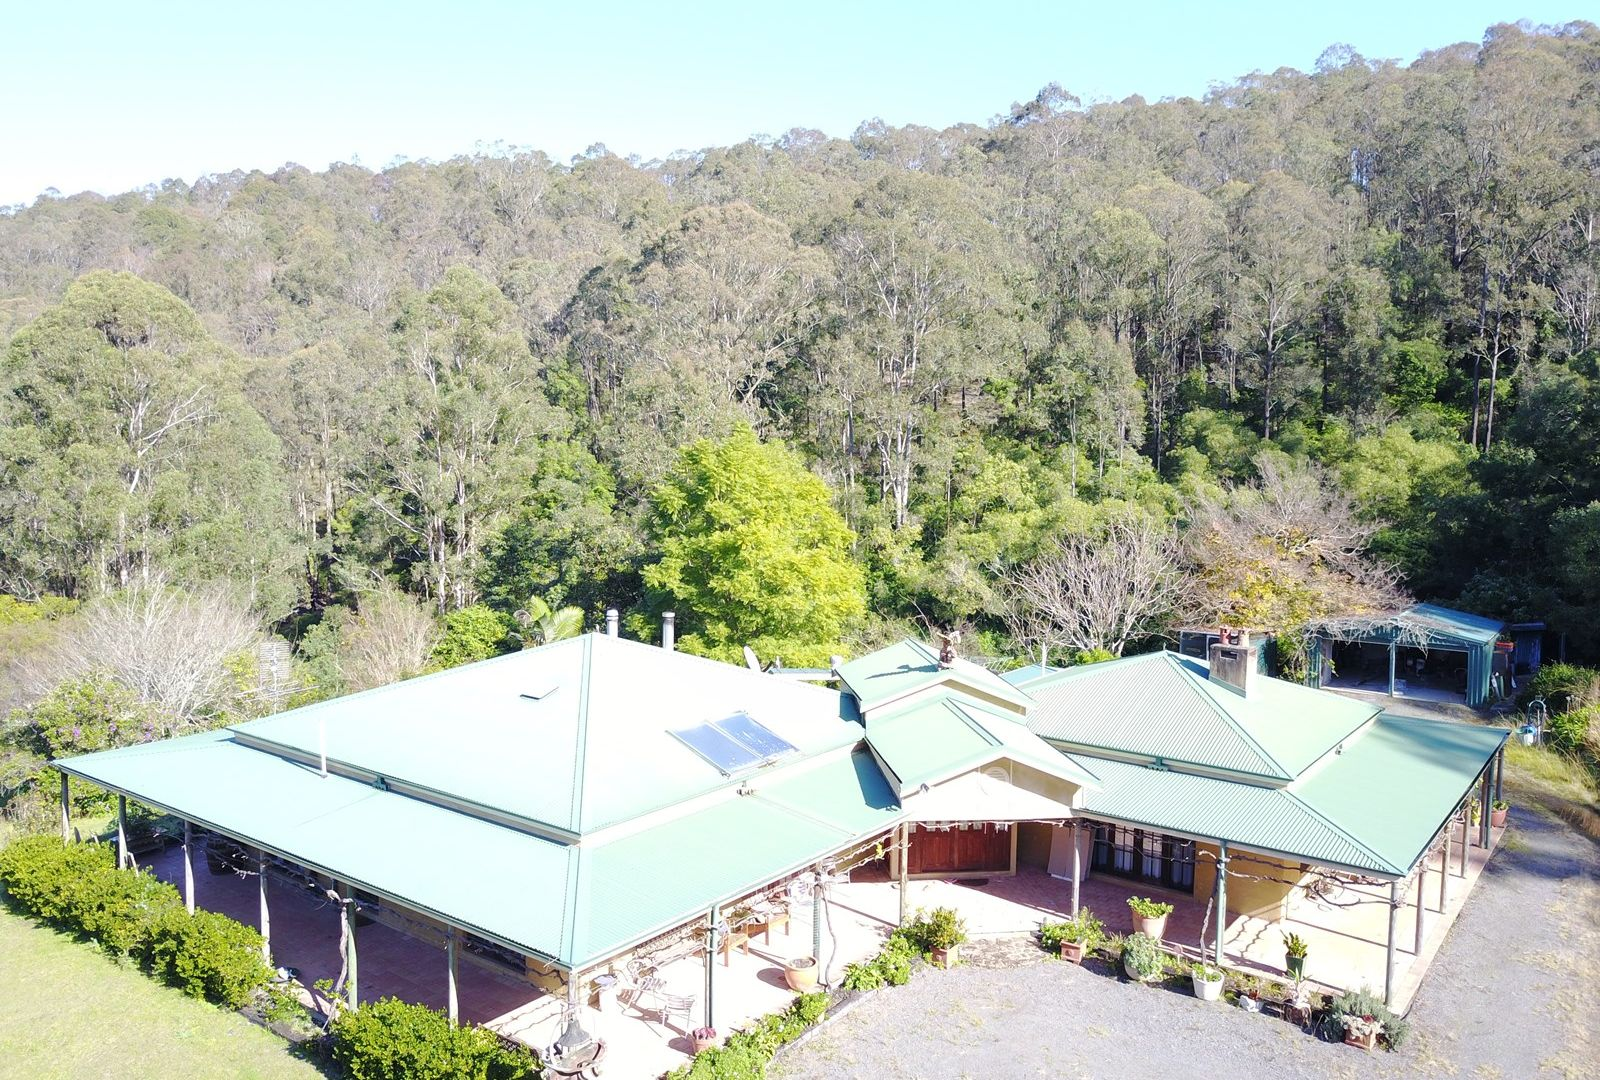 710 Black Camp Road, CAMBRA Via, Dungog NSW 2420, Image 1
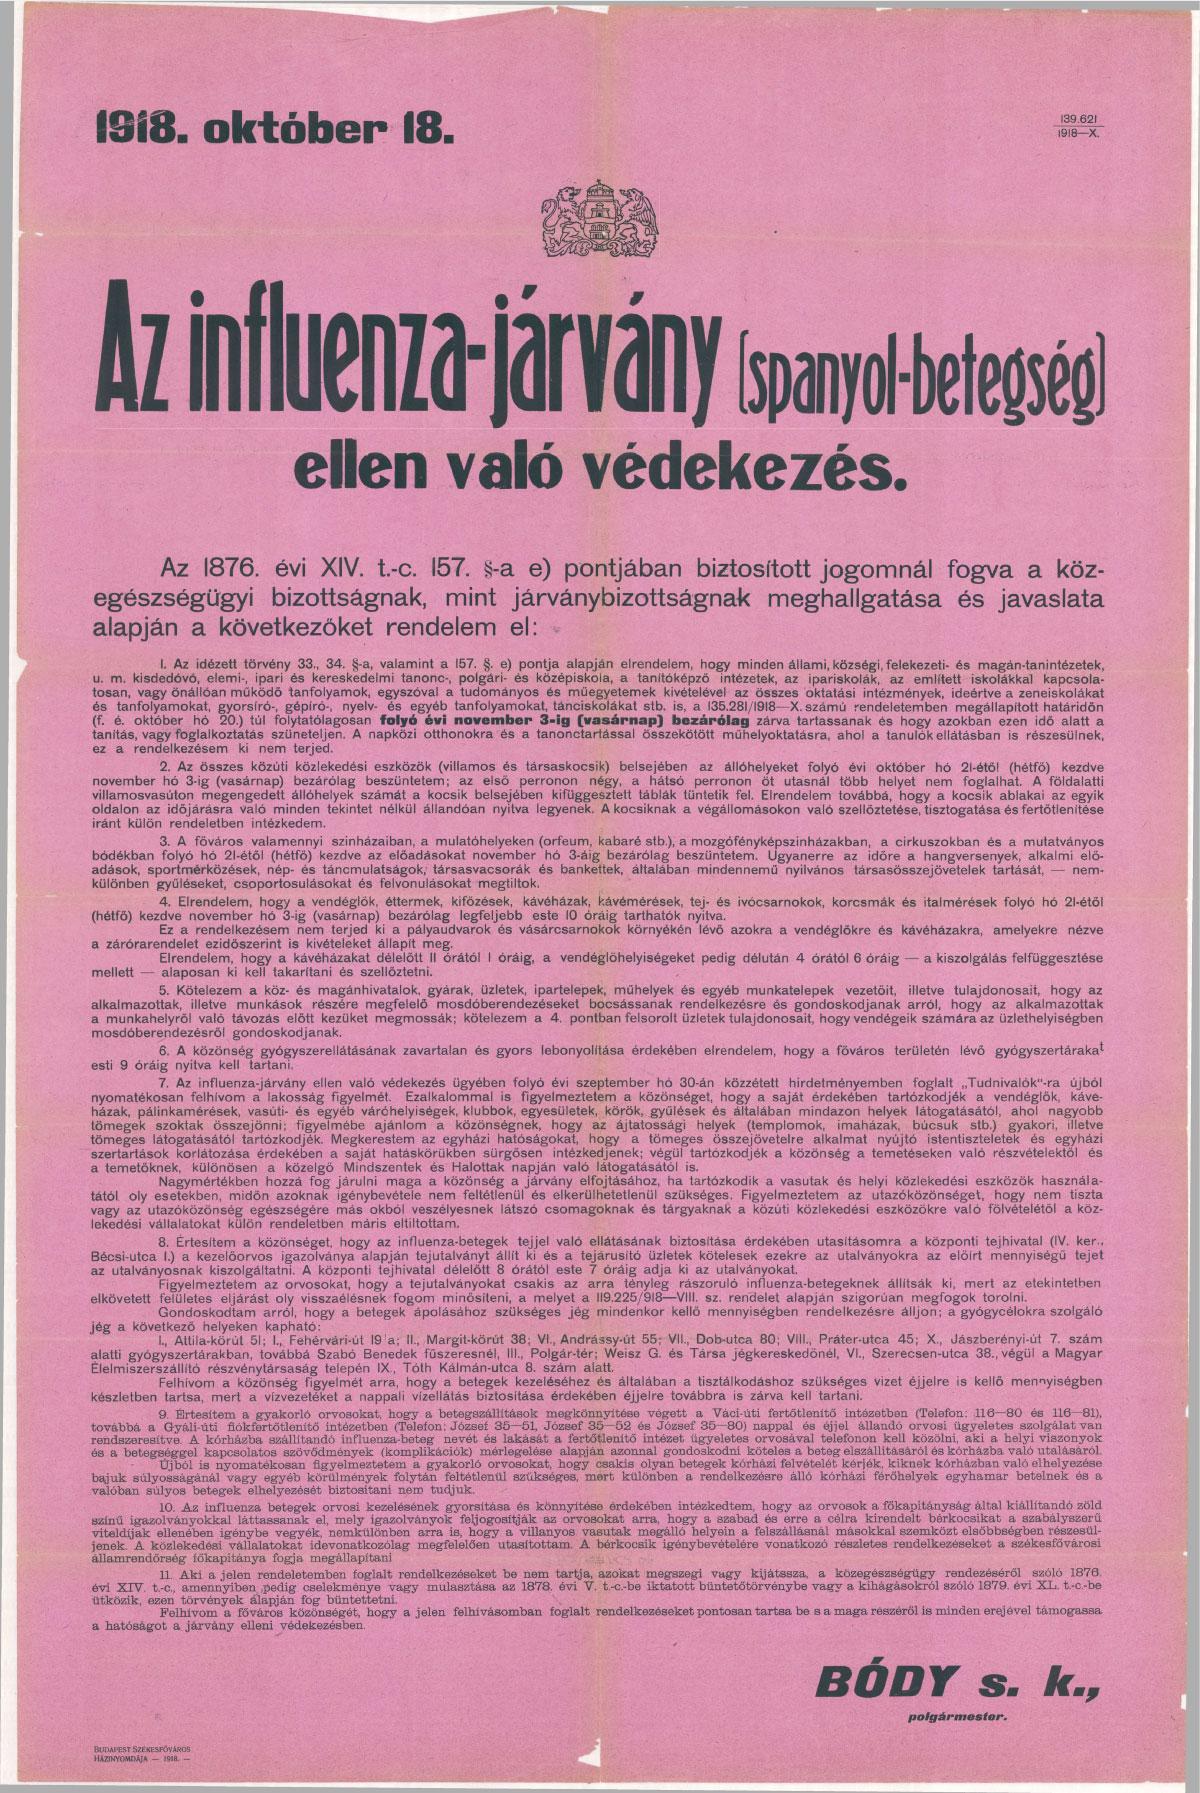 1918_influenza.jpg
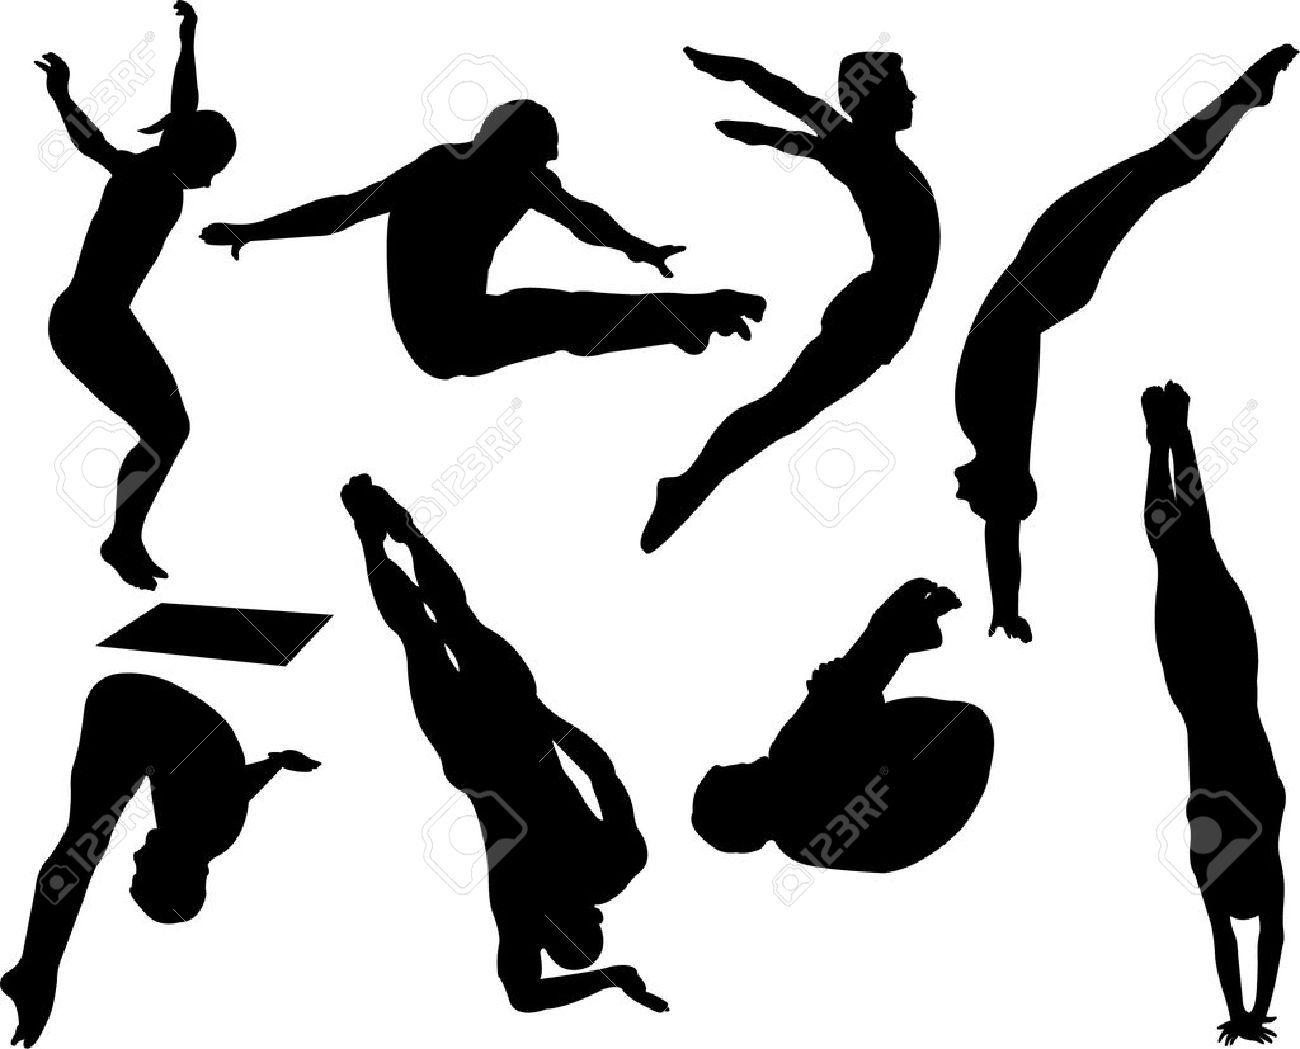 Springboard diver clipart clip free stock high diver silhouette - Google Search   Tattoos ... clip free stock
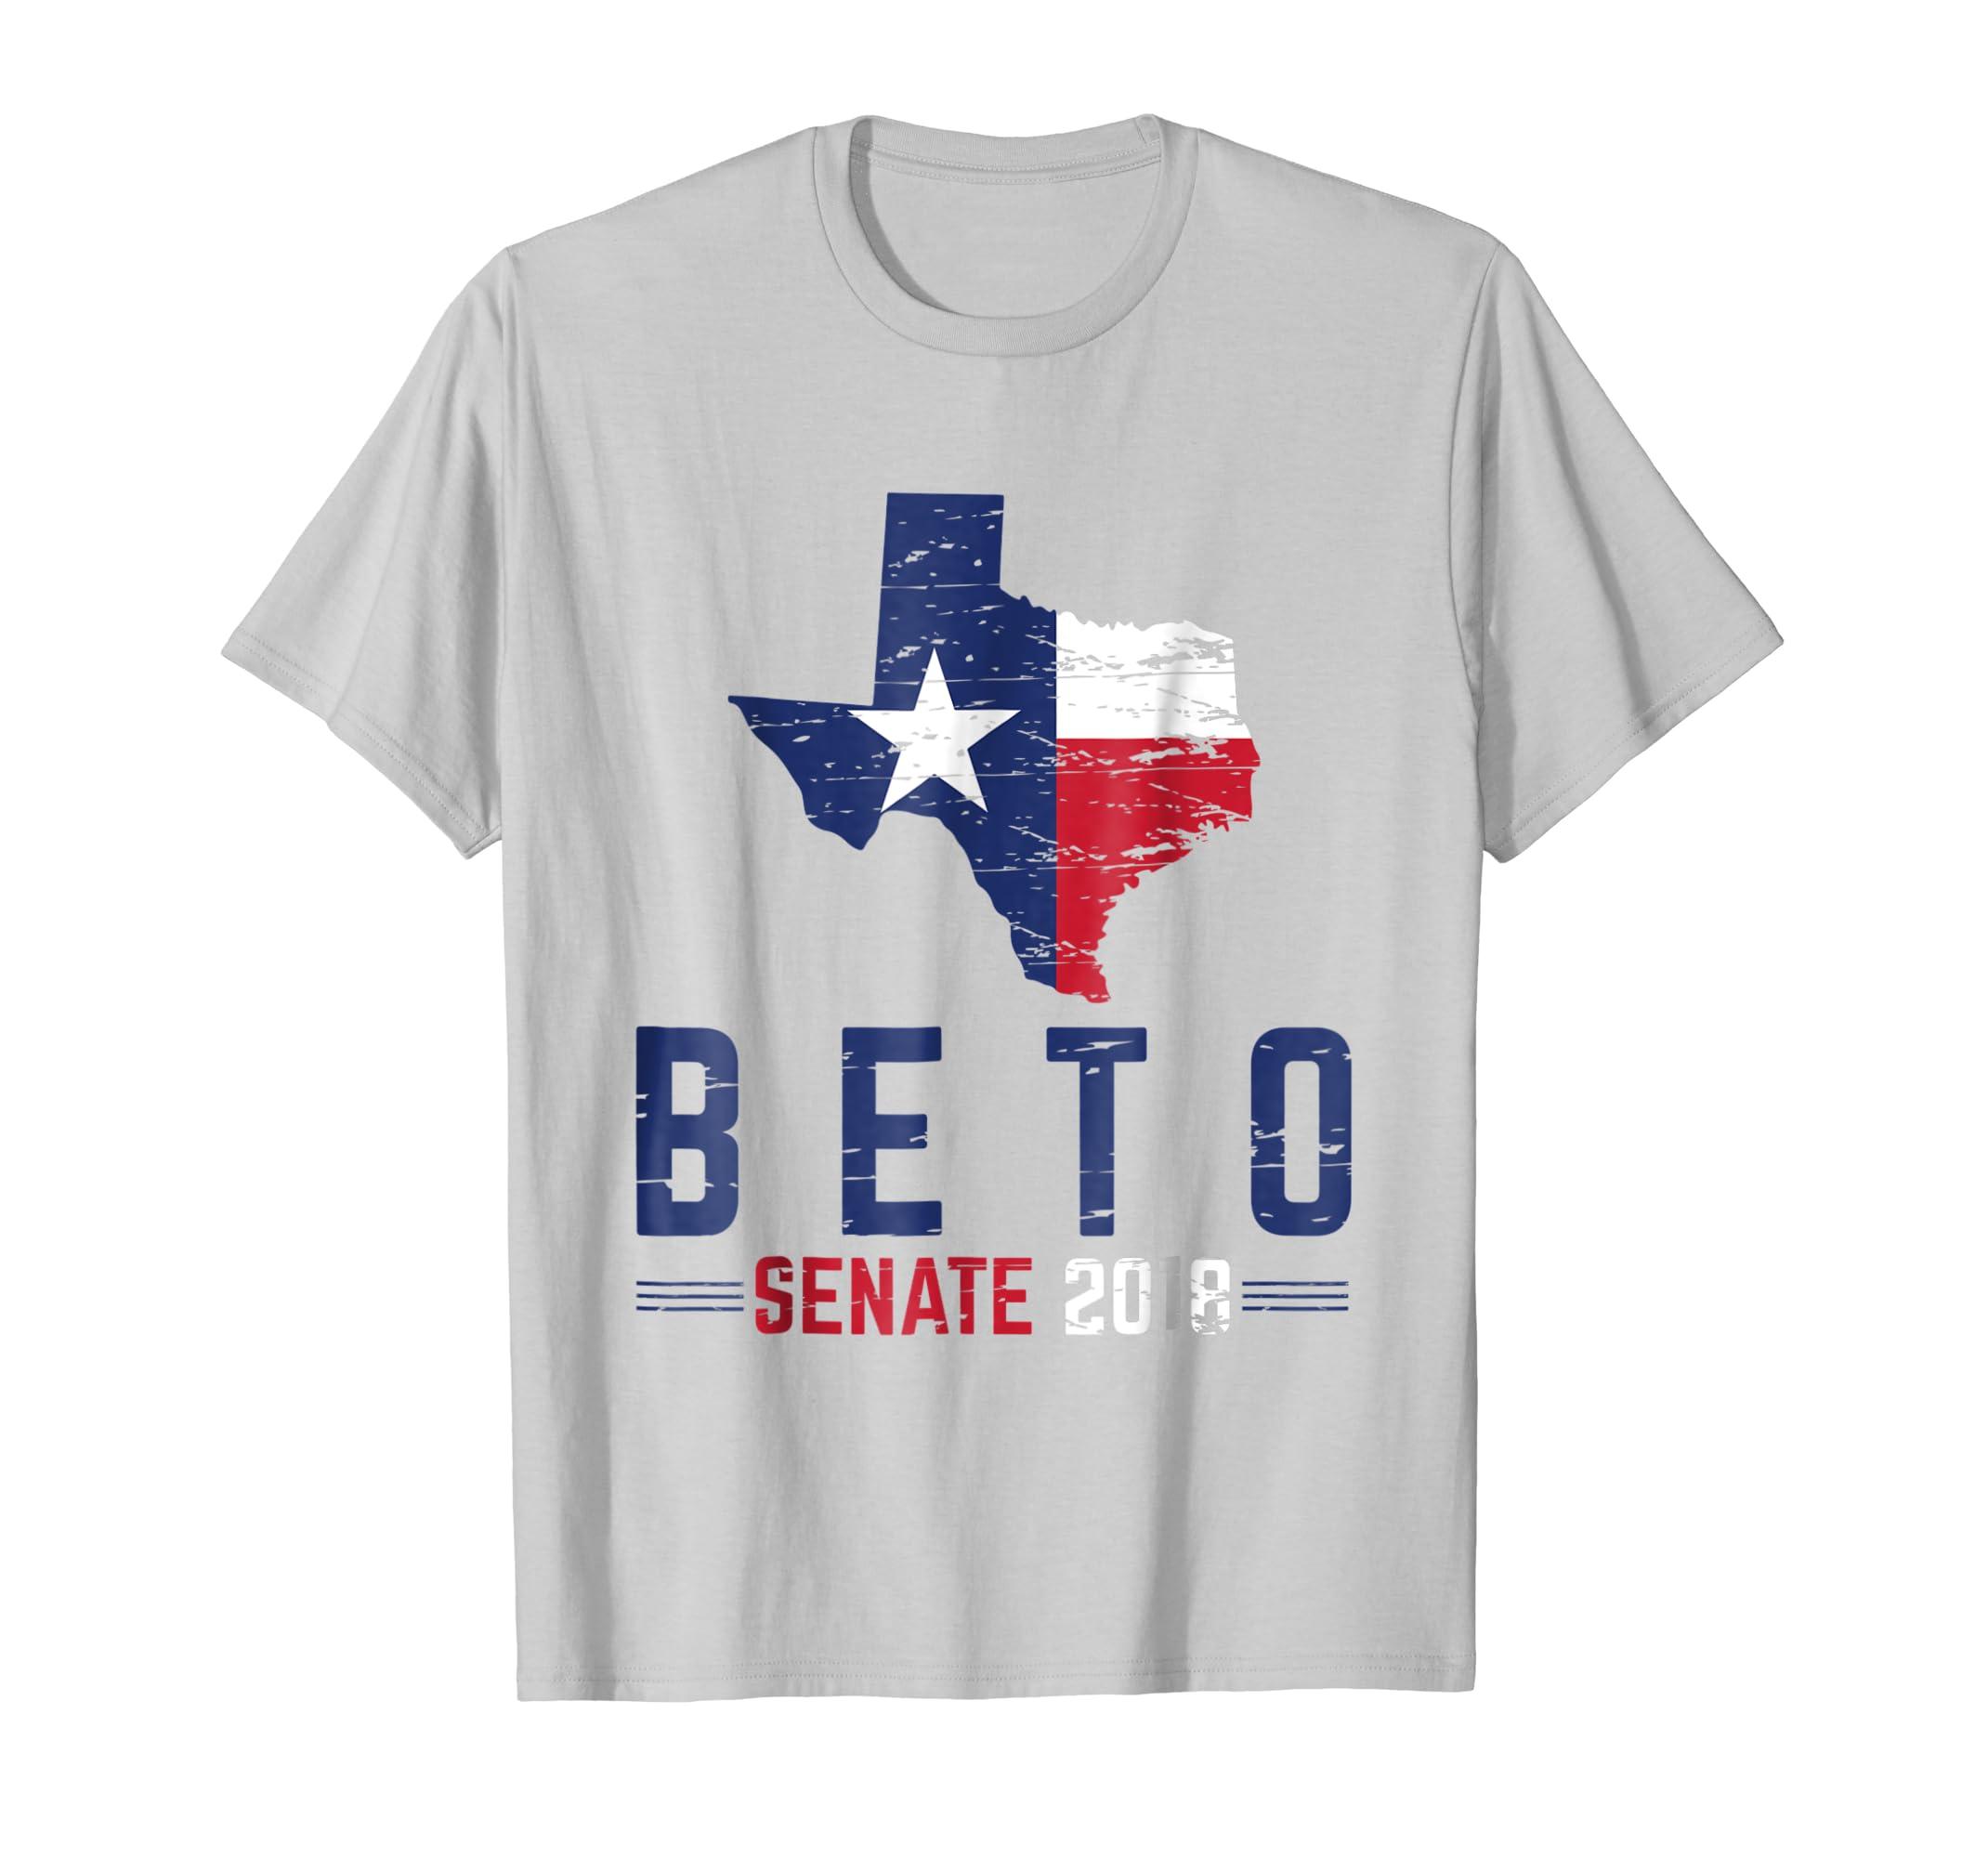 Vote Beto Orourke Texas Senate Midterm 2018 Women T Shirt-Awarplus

ABOUT THIS EXERCISE – Everything in the material must be duplicated exactly, except the pictures.

ANSWER TO THE PROBLEM –
 710 Black Camp Road, CAMBRA Via, Dungog NSW 2420, Image 1
 1918_influenza.jpg
 Springboard diver clipart clip free stock high diver silhouette - Google Search   Tattoos ... clip free stock
 Vote Beto Orourke Texas Senate Midterm 2018 Women T Shirt-Awarplus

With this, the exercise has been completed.